## Work instruction
Set the listing down again in full, word for word, with the pictures left out.

## Collected material
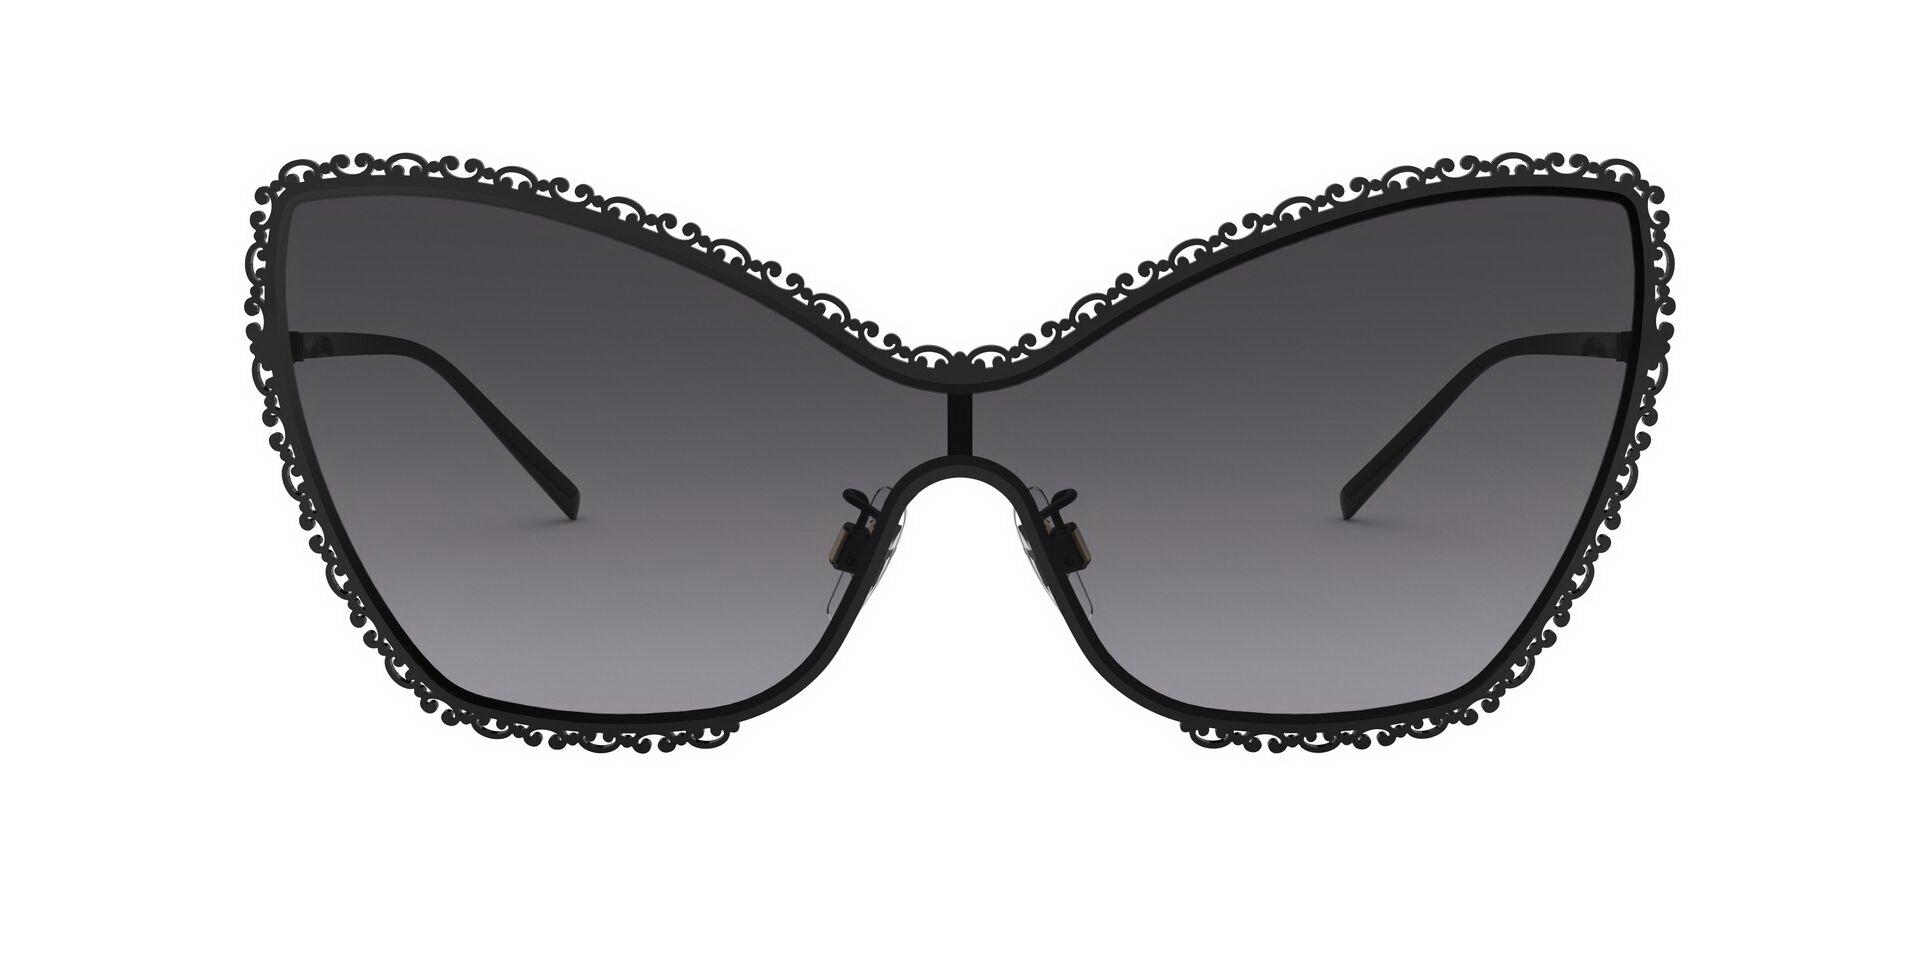 Солнцезащитные очки Очки с/з DOLCE&GABBANA 0DG2240 01/8G фото
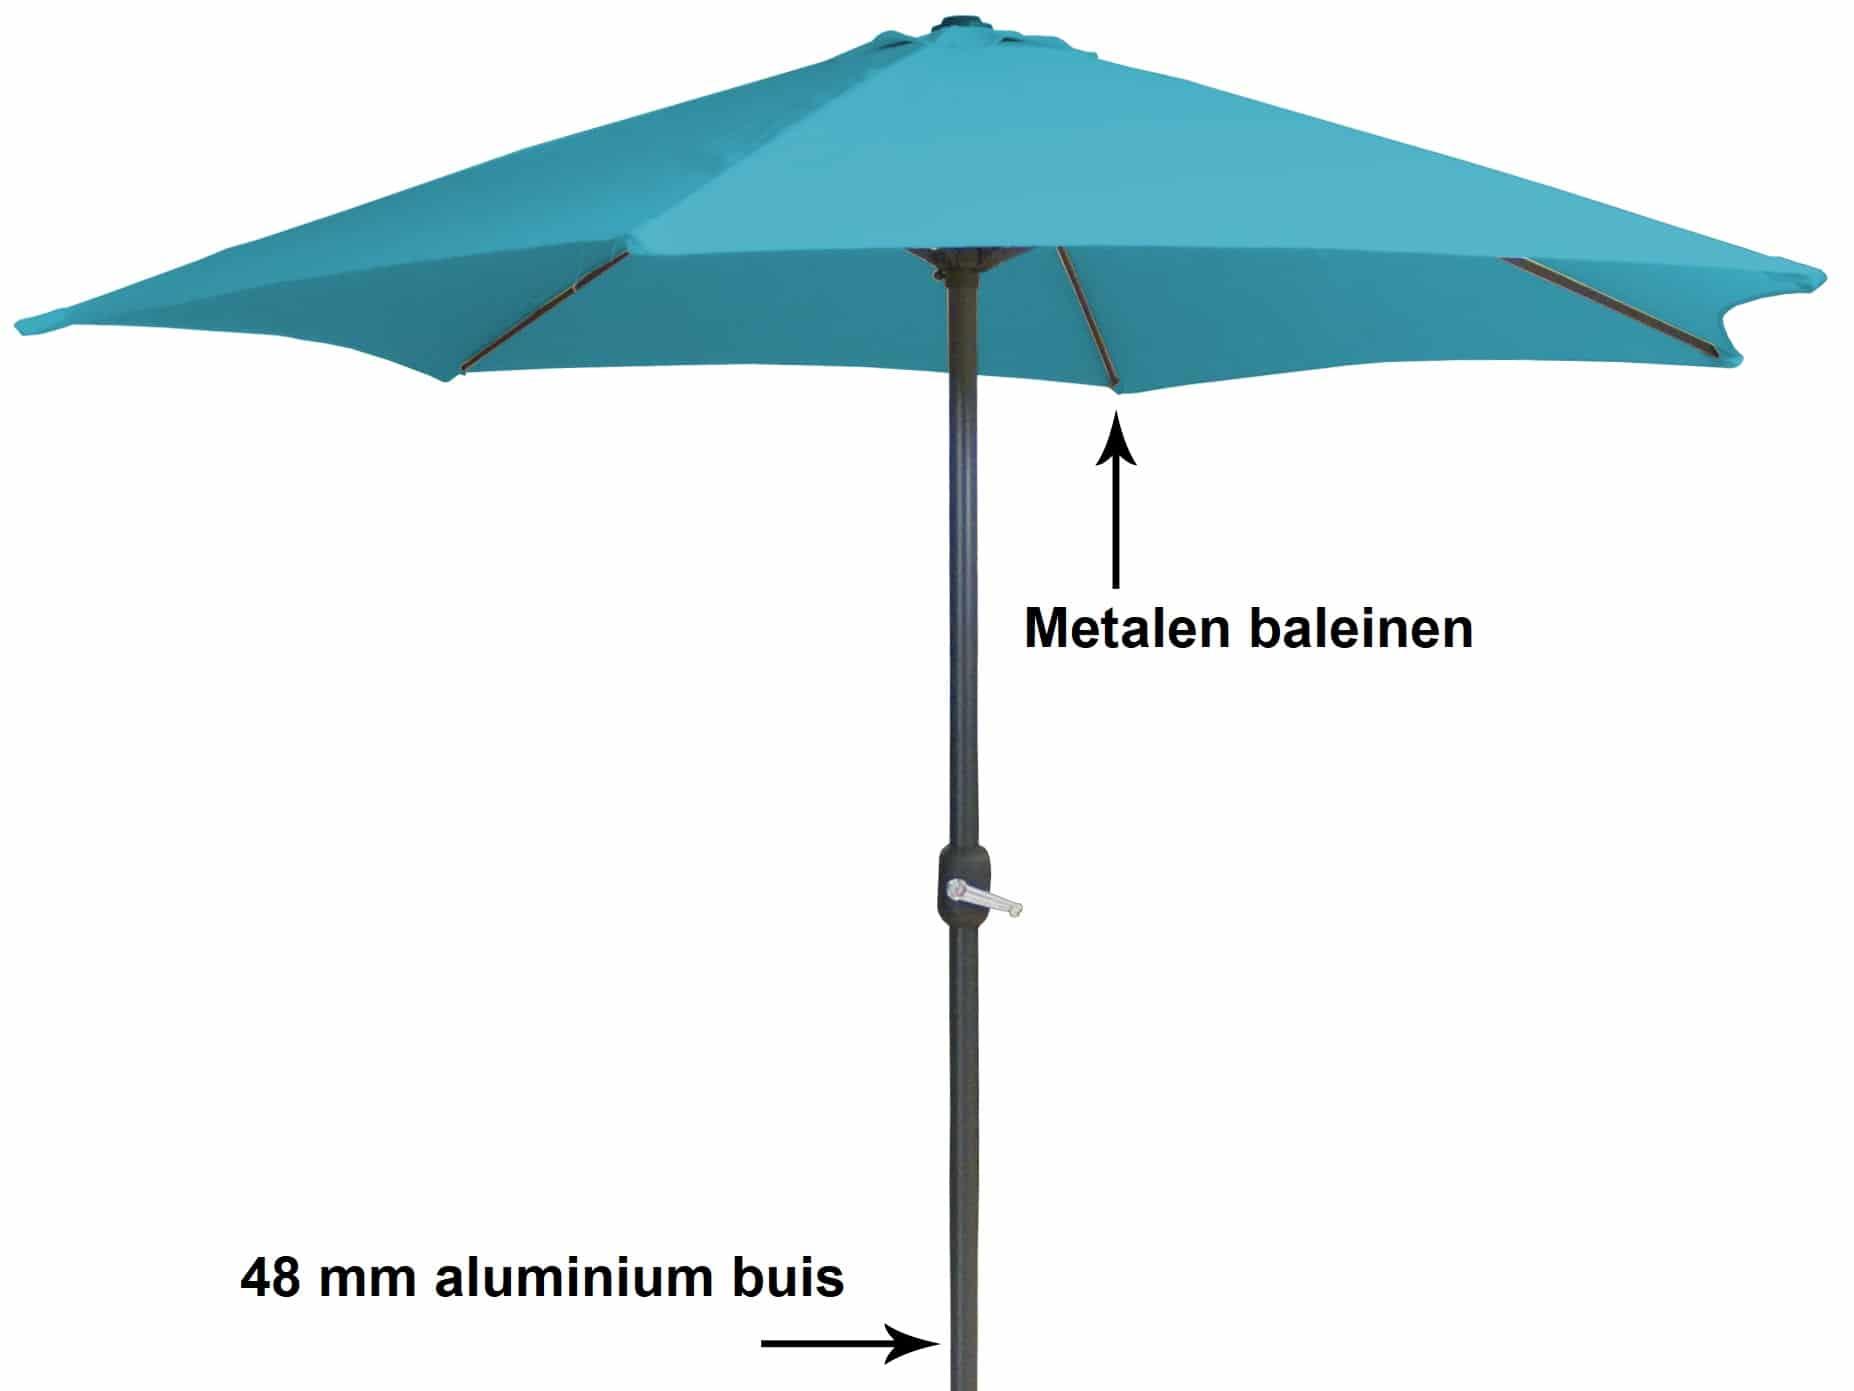 4Goodz Aluminium parasol 300 cm met opdraaimechanisme - Blauw
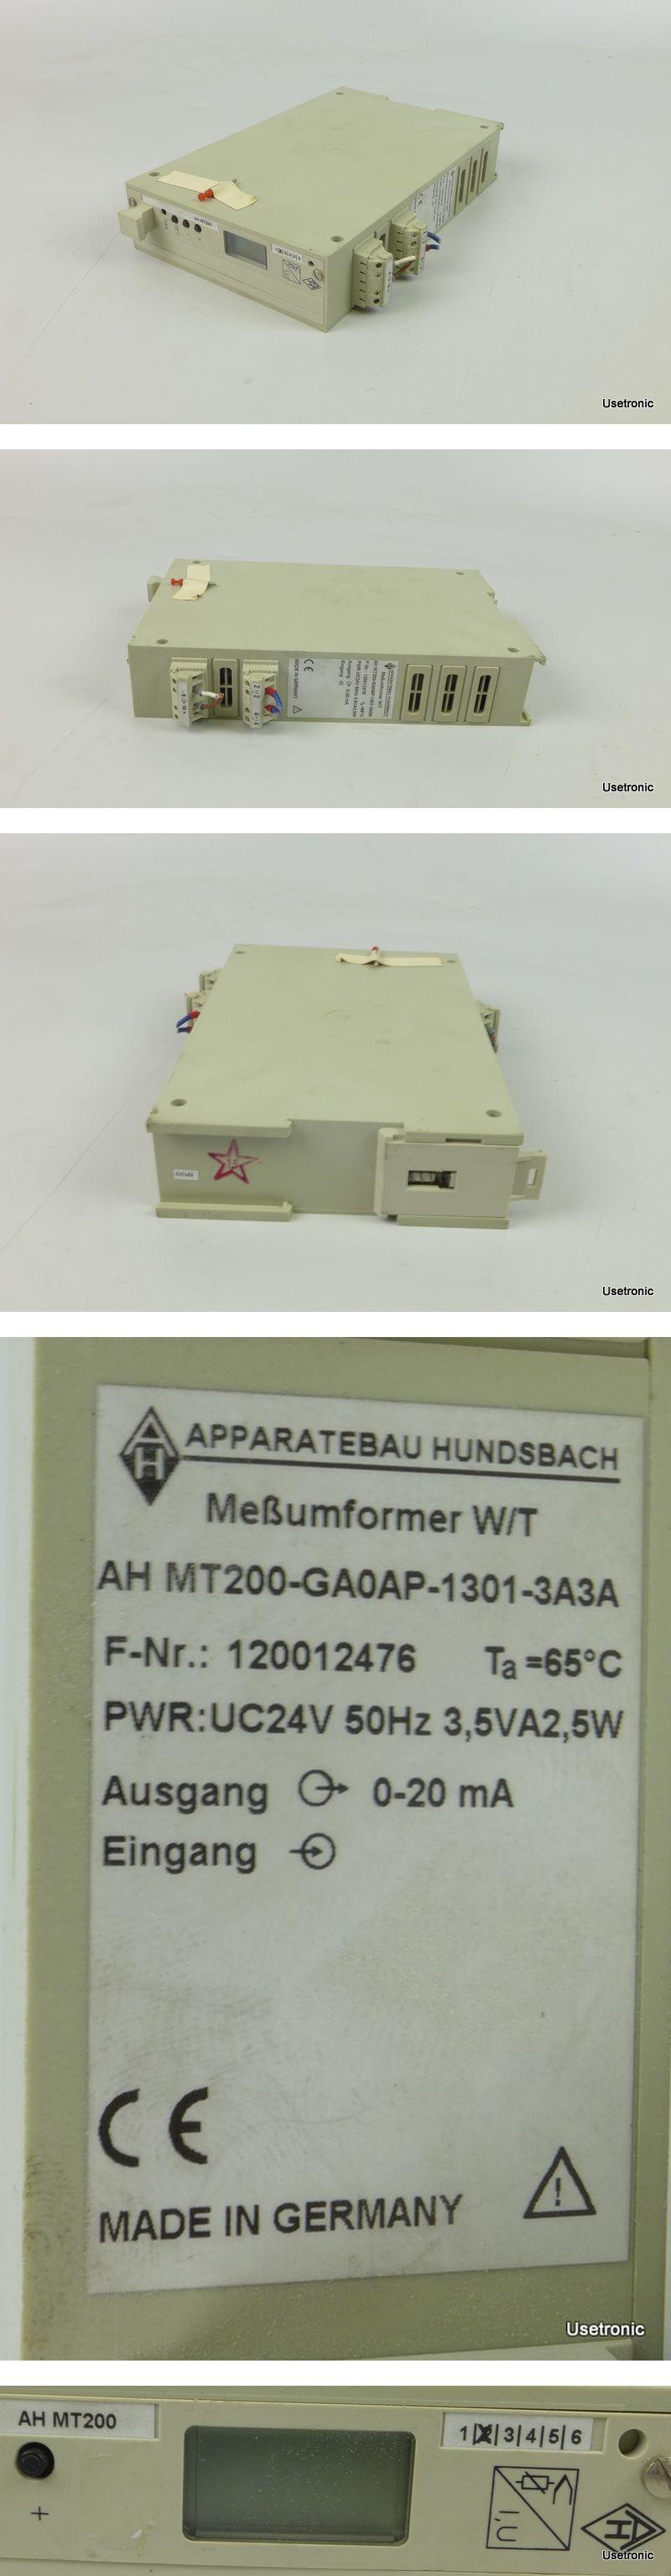 Apparatebau Hundsbach MT200-GA0AP-1301-3A3A
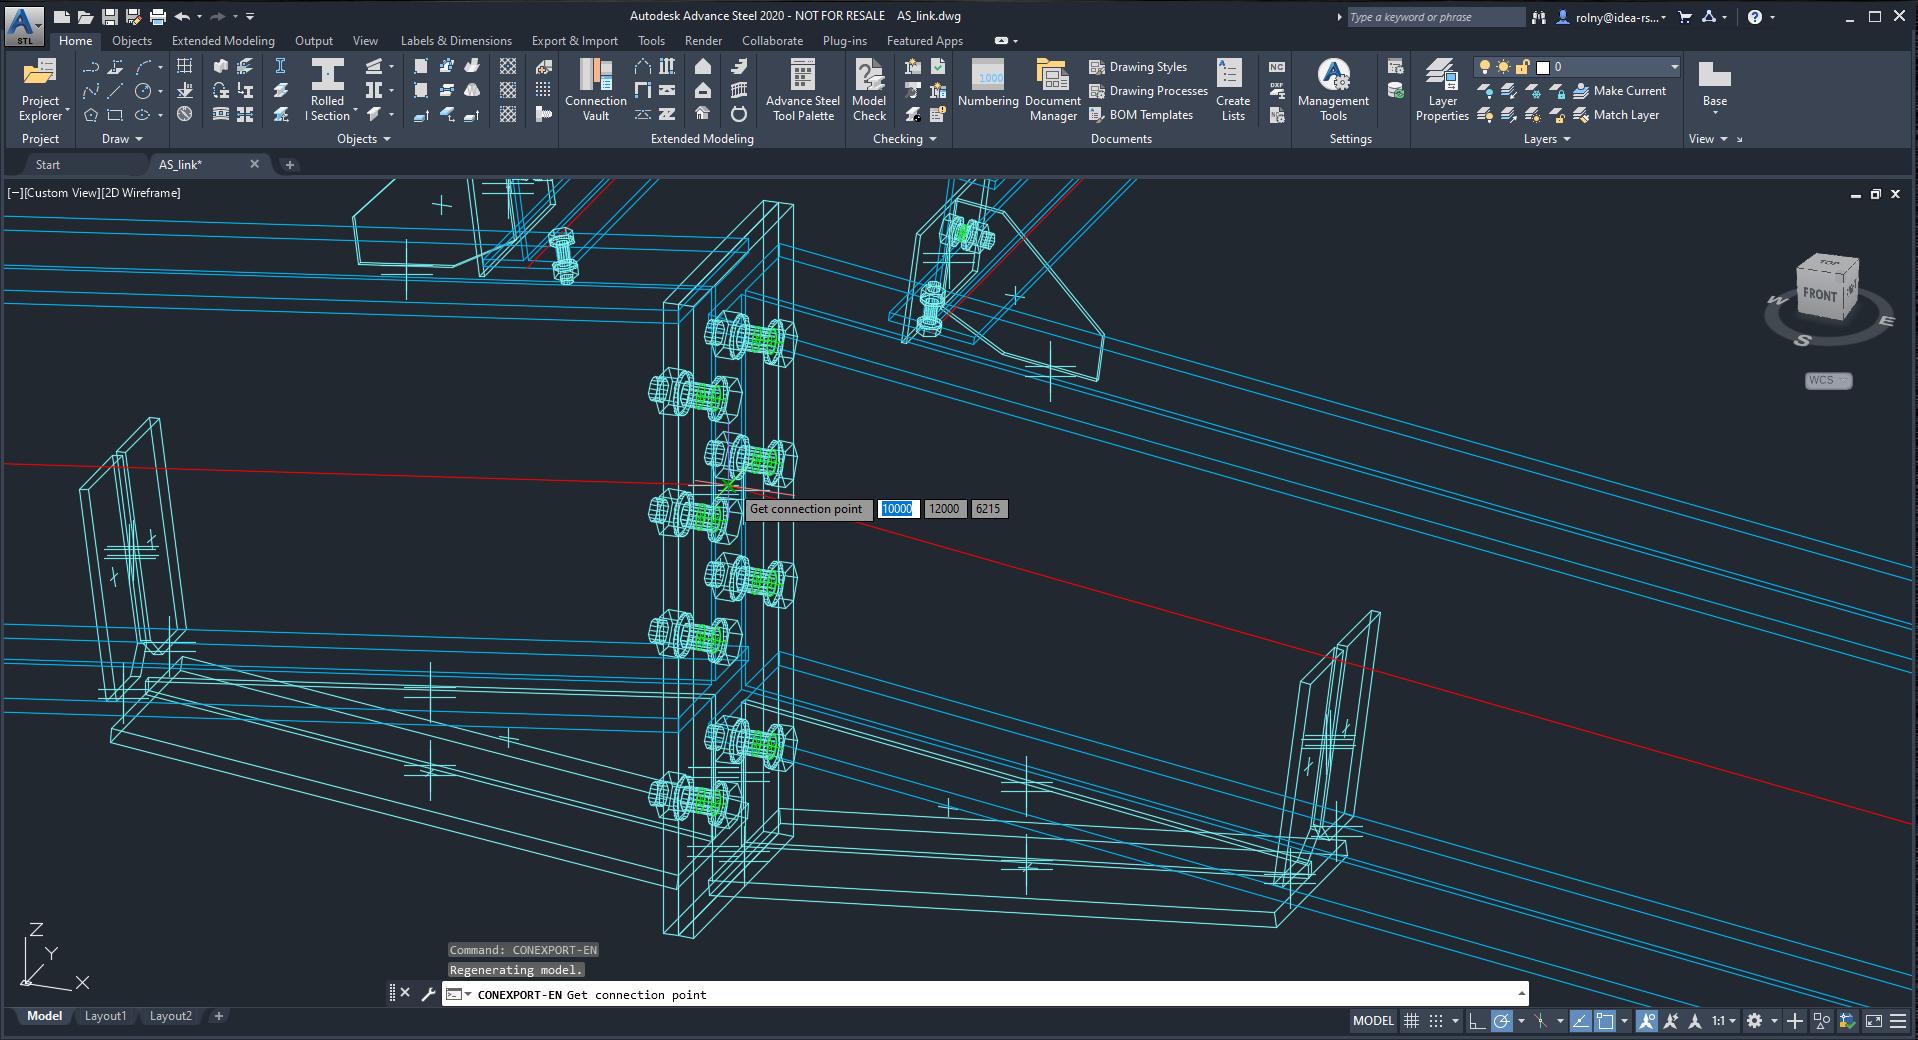 IDEA StatiCa Viewer for Autodesk Advance Steel

## Answer to the problem
 Солнцезащитные очки Очки с/з DOLCE&GABBANA 0DG2240 01/8G фото
 4Goodz Aluminium parasol 300 cm met opdraaimechanisme - Blauw
 Apparatebau Hundsbach MT200-GA0AP-1301-3A3A
 IDEA StatiCa Viewer for Autodesk Advance Steel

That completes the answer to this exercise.